Put these trends together and you get people working more because the costs of splitting up tasks are so much higher. If you put five junior lawyers on a project, they may come up with a worse answer or set of answers than a single senior lawyer who has the problem space in his head. The same thing could conceivably be true in software as well. The costs of interconnection are real. This will increase inequality because top people are so valuable while simultaneously meaning that a person can’t earn x% of the income through x% of the work. A person must do 100% or not compete at all.

This is also consistent with changes in financial remuneration, which the original author considers. It’s also consistent with Paul Graham’s observations in “The Refragmentation.”

Finally, there may also be signaling issues. Here is one Robin Hanson post on related concerns. At some point, Hanson described working for Lockheed before he did his Ph.D., and if I recall correctly he tried to work fewer hours for commensurately lower pay, and that did not go over well. Maybe Lockheed was cognizant of the task-splitting costs I note above, or maybe they were more concerned with what Hanson was communicating about his devotion to the job, or what example he’d set to the others.
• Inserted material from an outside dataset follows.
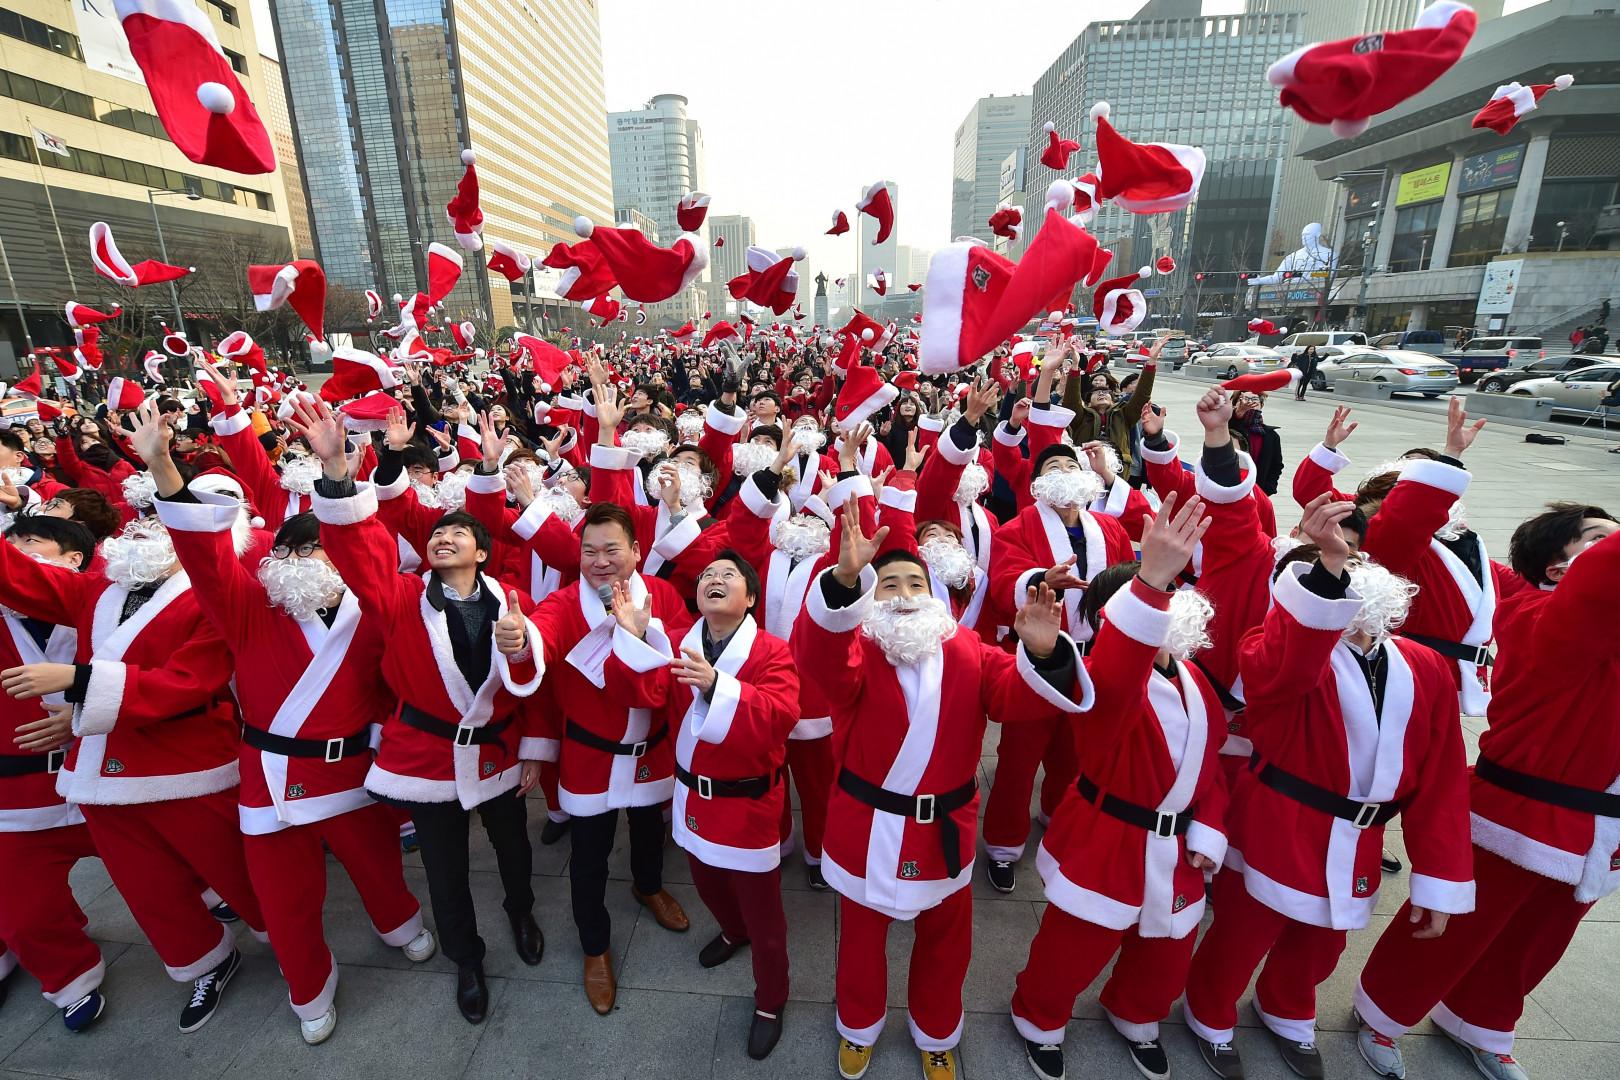 En Corée du Sud, un défilé pour une association a été organisé à Séoul

So earning may not be scalable. It may be binary. We may not be “working” less because we’re poor. We may be working less because the nature of many tasks and occupations are binary: You win big by working big hours or don’t work much at all.

EDIT: See also “You Don’t Need More Free Time,” which argues that we may not need more free time, but rather the right free time—when our friends are free. I also wonder if too much “free” time is also enervating in its own way.